Problem to work on:
An exact reproduction of all the data is needed, with no images in it.

Given data:
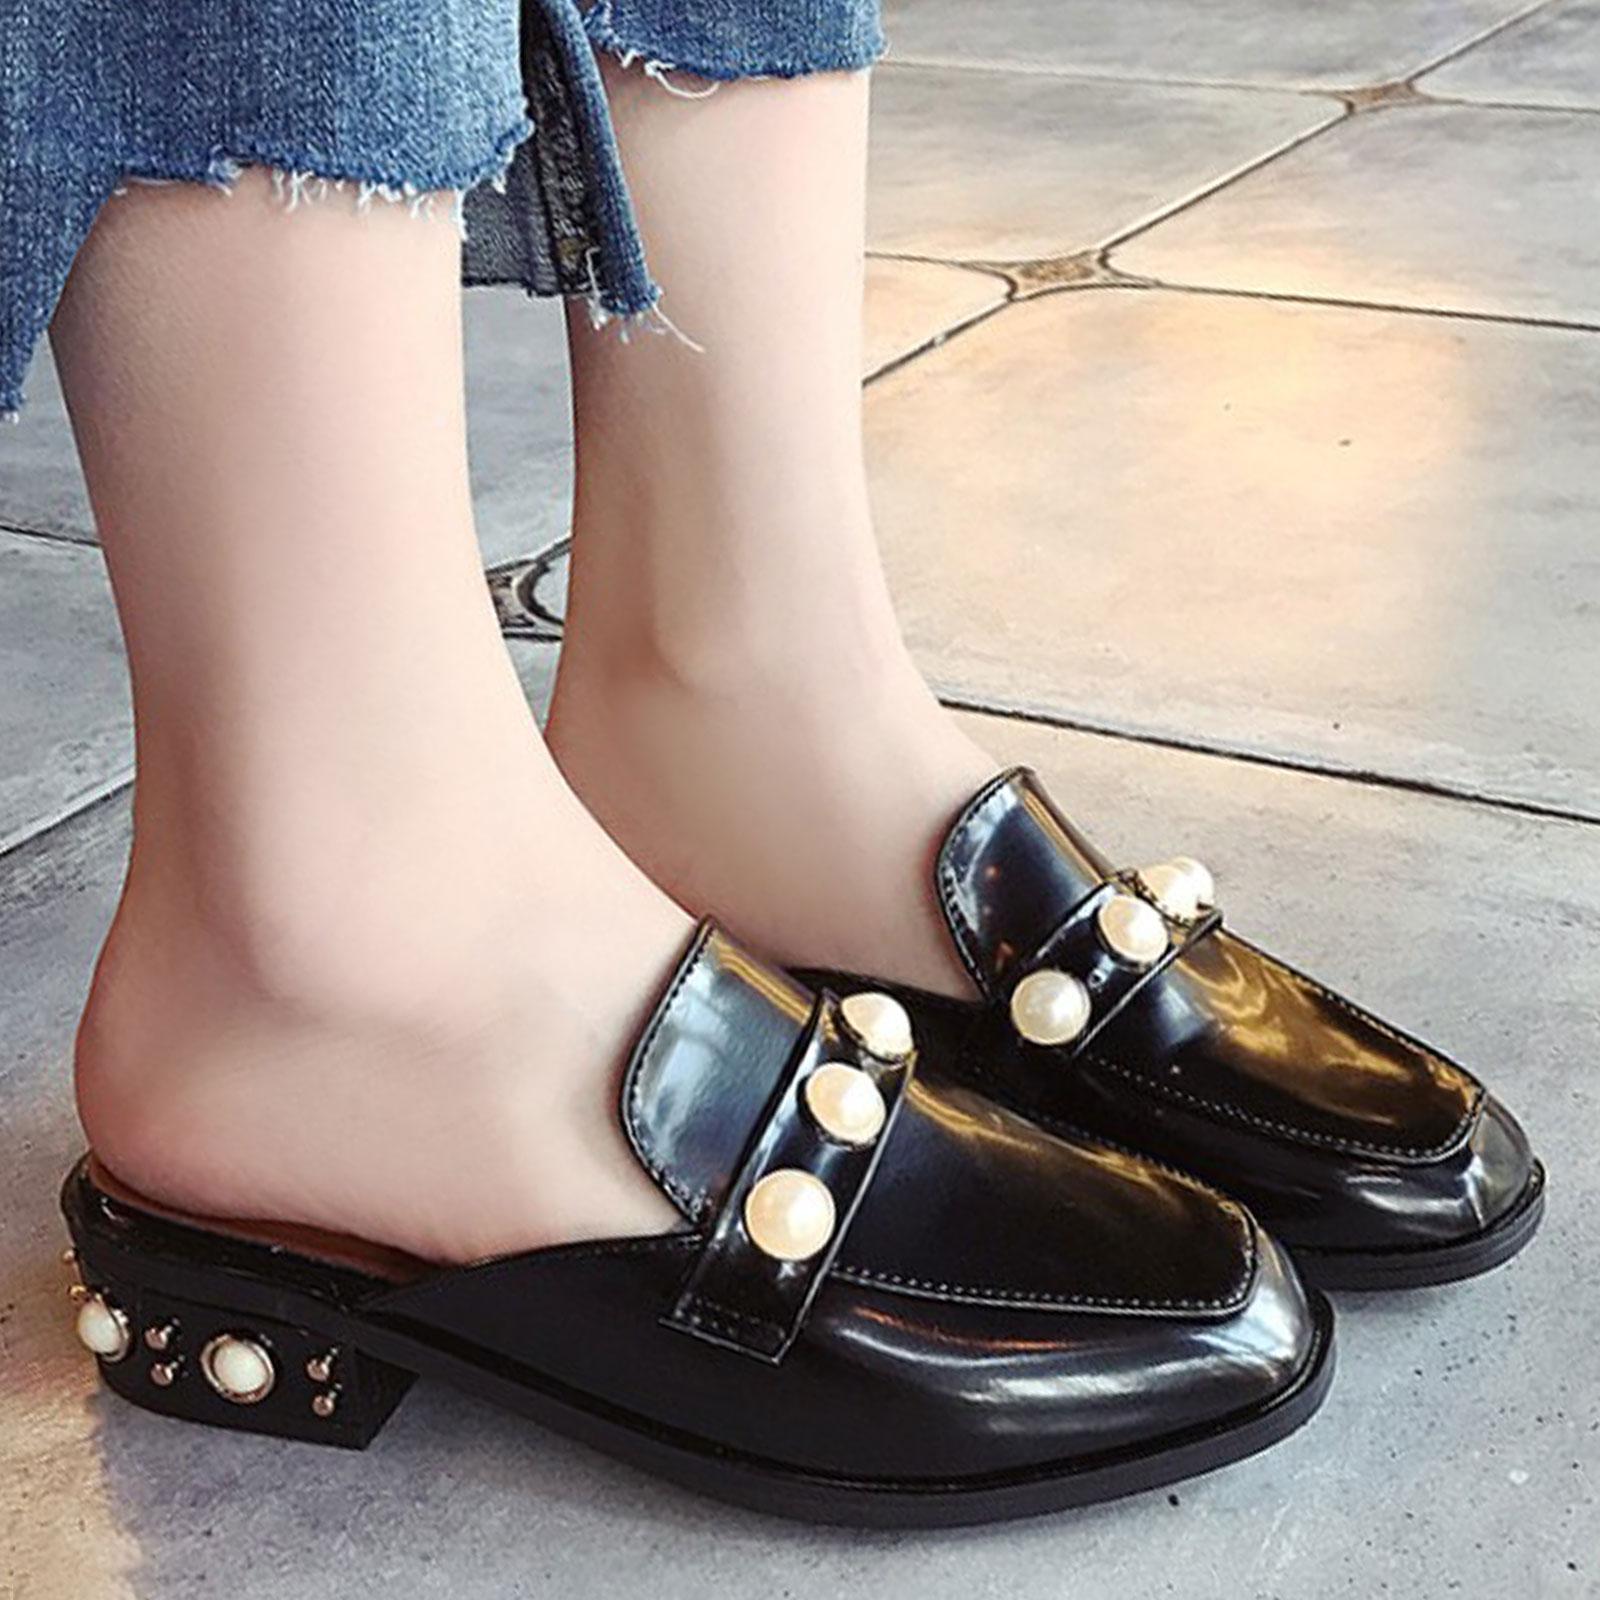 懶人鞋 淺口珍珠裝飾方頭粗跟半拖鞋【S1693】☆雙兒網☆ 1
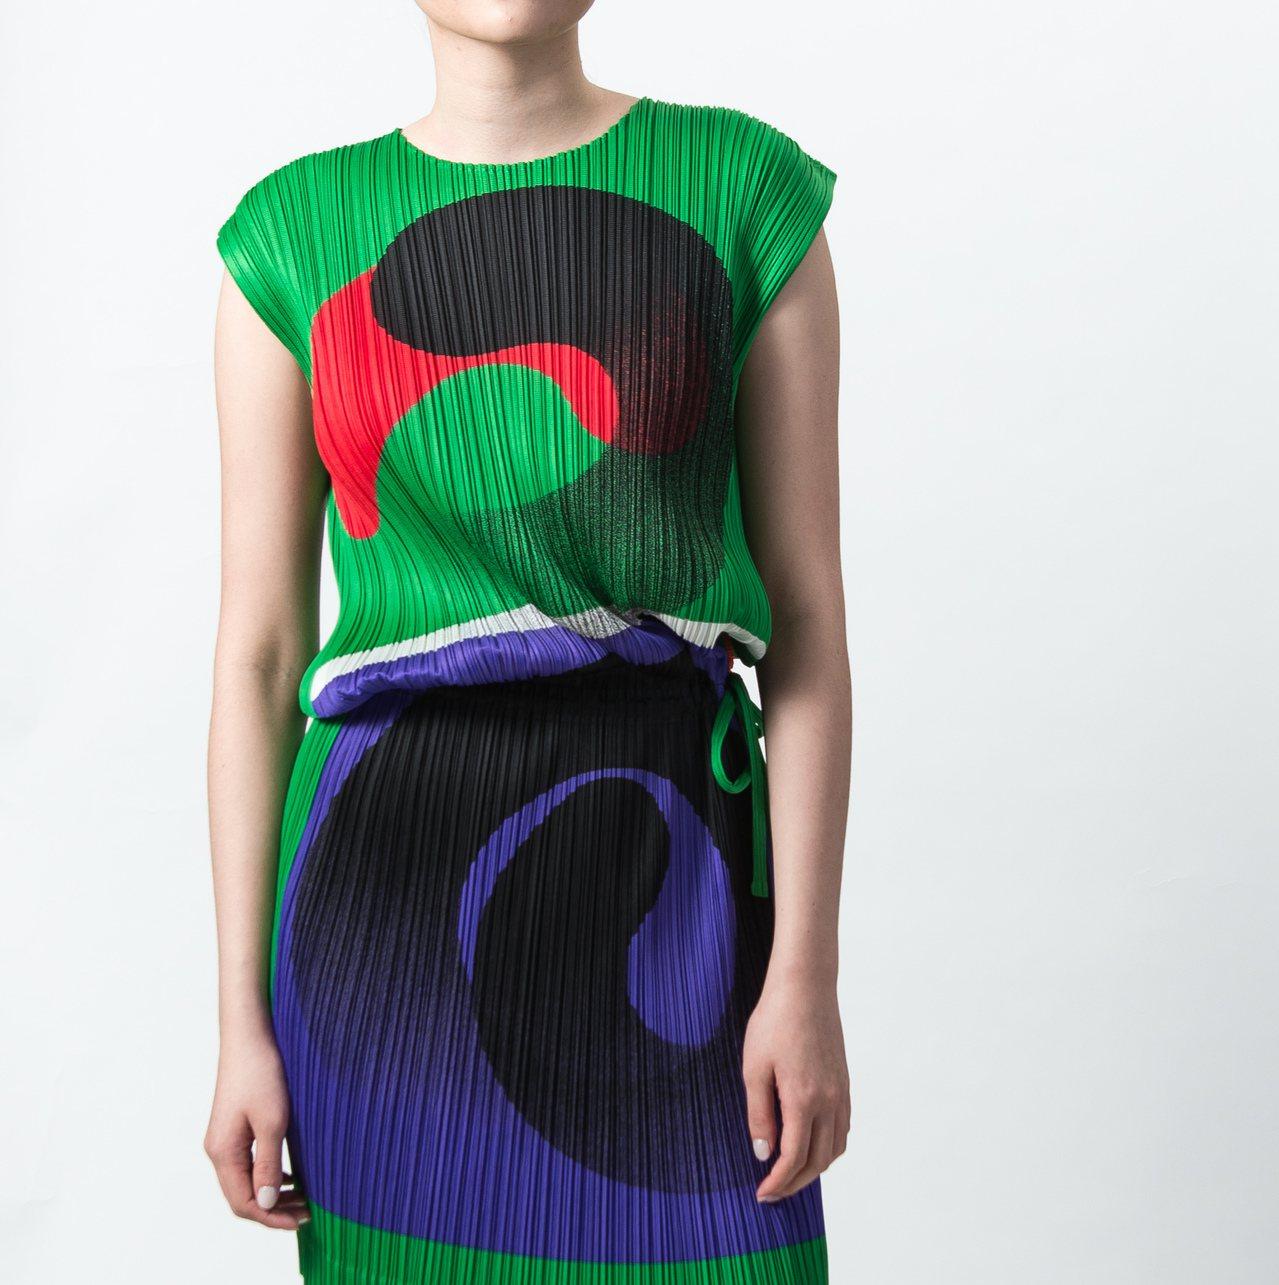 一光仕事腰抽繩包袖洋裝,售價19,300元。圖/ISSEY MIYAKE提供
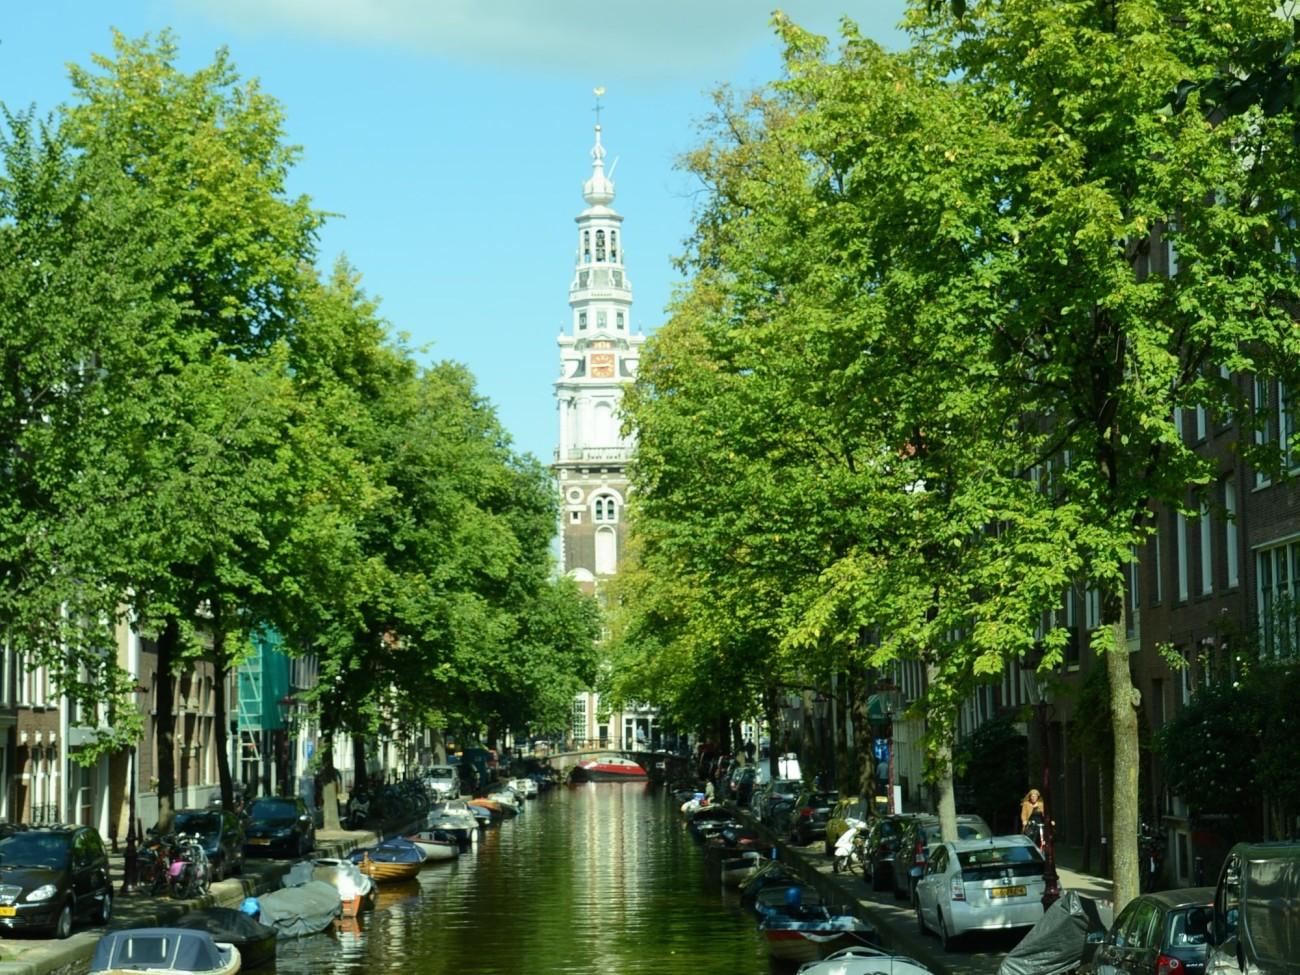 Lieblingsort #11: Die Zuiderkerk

Solution to this task:
 懶人鞋 淺口珍珠裝飾方頭粗跟半拖鞋【S1693】☆雙兒網☆ 1
 一光仕事腰抽繩包袖洋裝,售價19,300元。圖/ISSEY MIYAKE提供
 Lieblingsort #11: Die Zuiderkerk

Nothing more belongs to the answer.